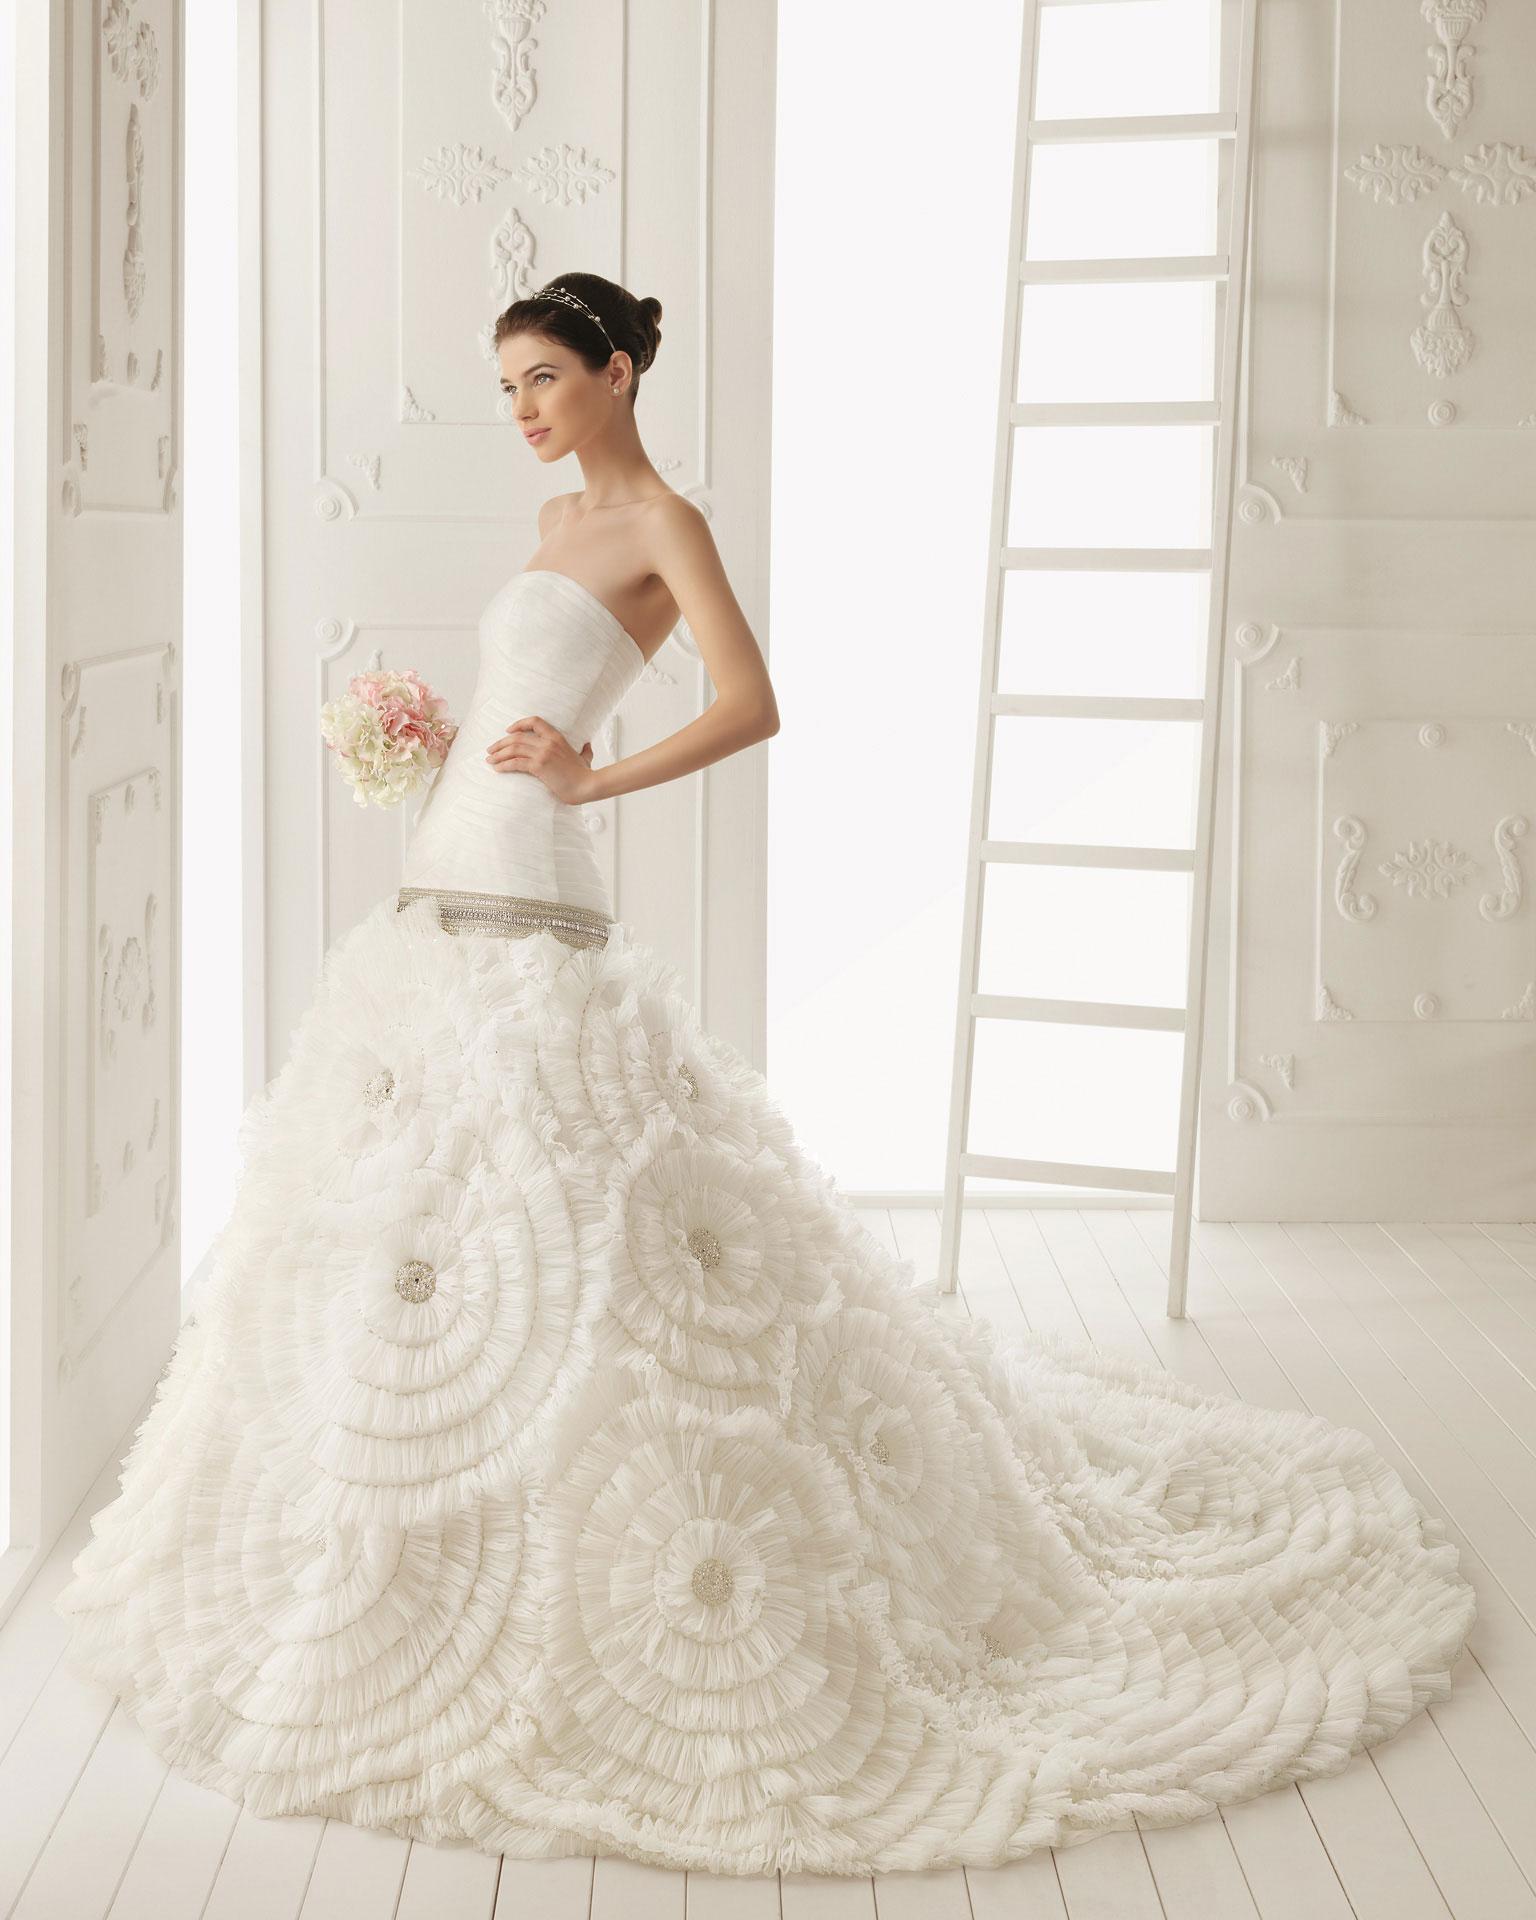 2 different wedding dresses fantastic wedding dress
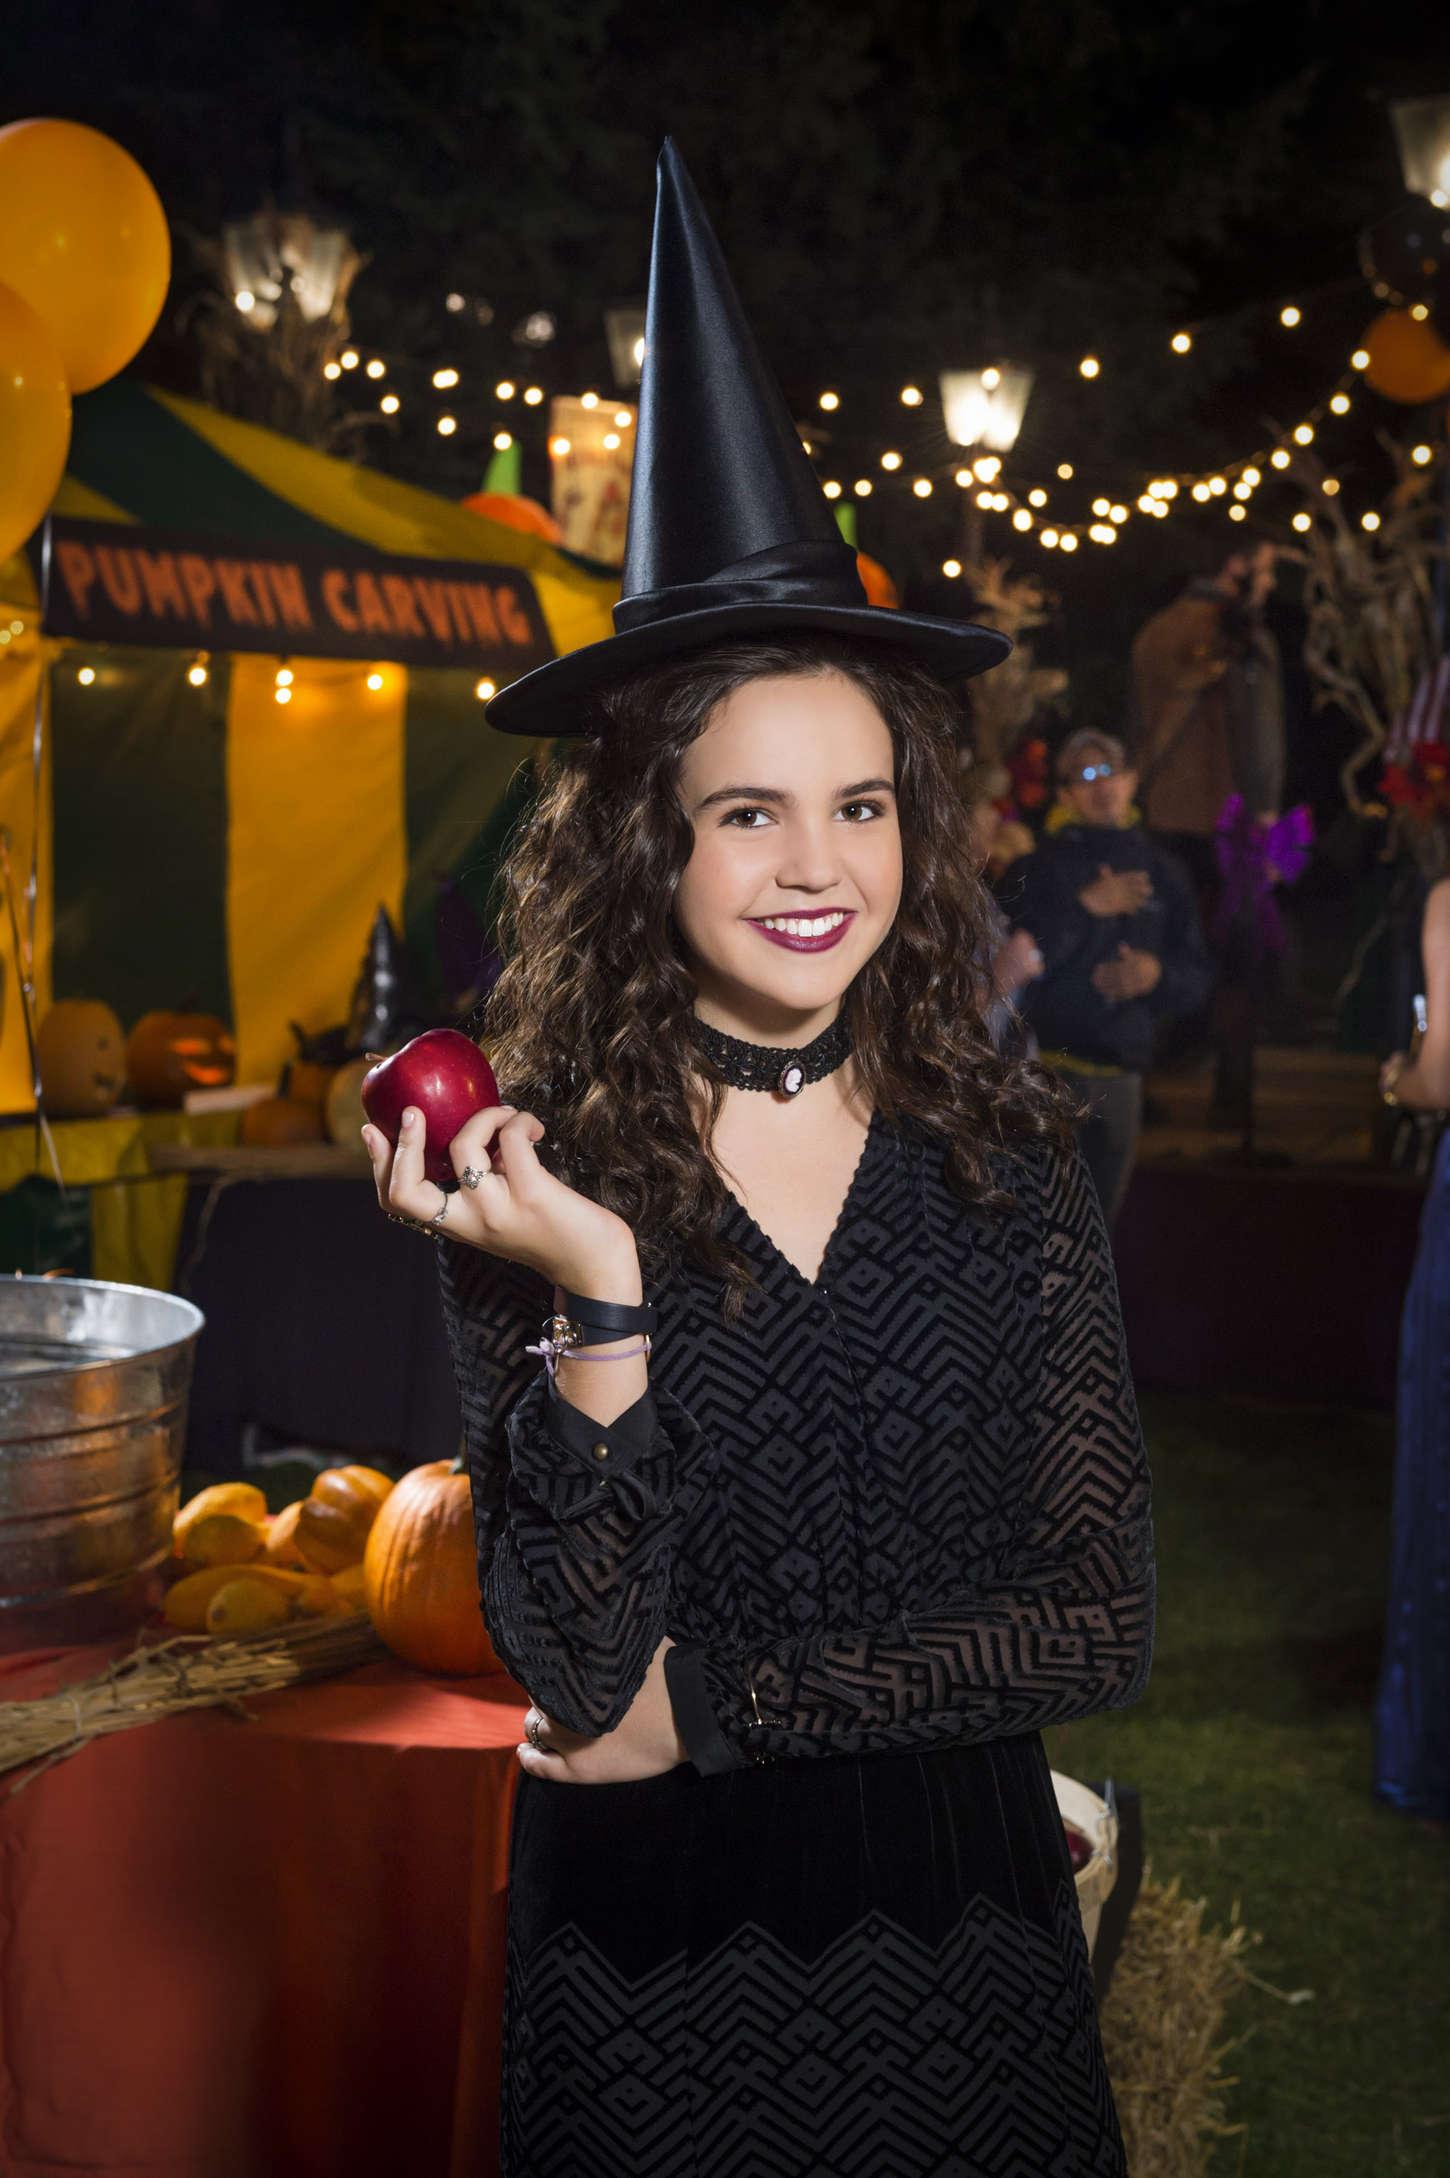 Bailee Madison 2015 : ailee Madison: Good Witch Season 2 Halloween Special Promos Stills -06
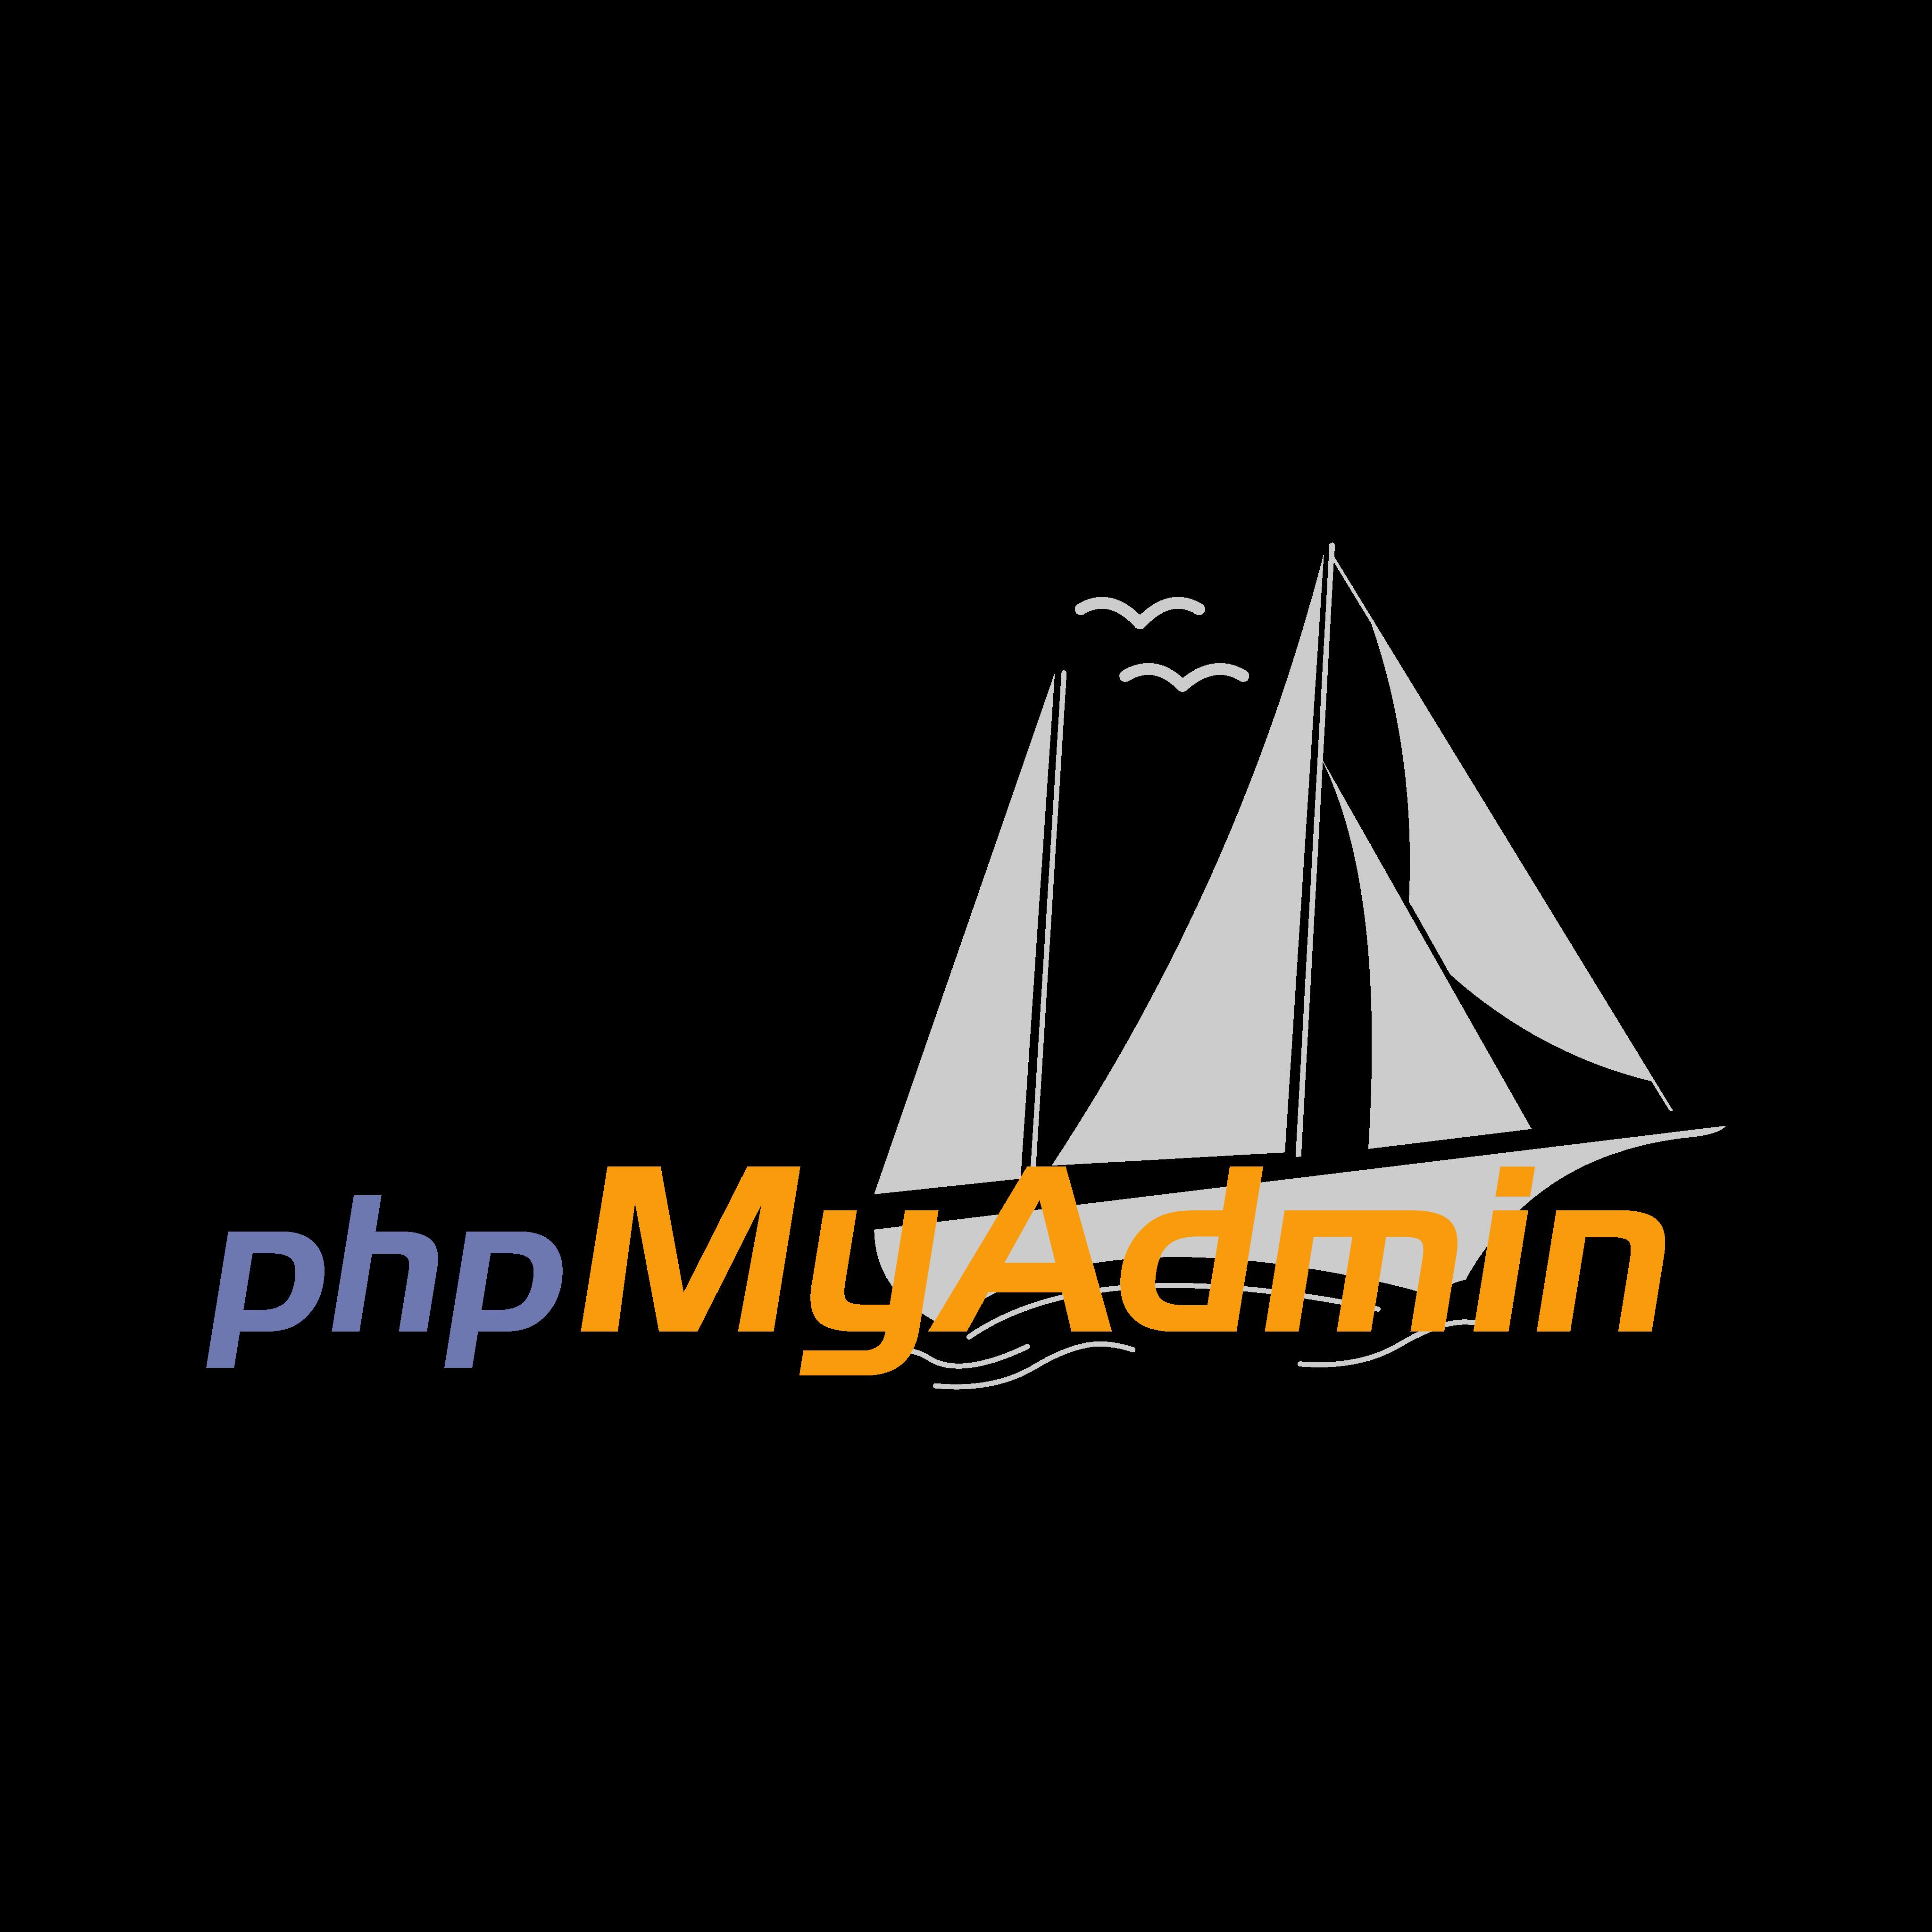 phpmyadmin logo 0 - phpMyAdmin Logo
────
## [PROBLEM DETAILS]
Restate the listing word for word and drop the pictures.

## [RESULT]
 2 different wedding dresses fantastic wedding dress
 Bailee Madison 2015 : ailee Madison: Good Witch Season 2 Halloween Special Promos Stills -06
 phpmyadmin logo 0 - phpMyAdmin Logo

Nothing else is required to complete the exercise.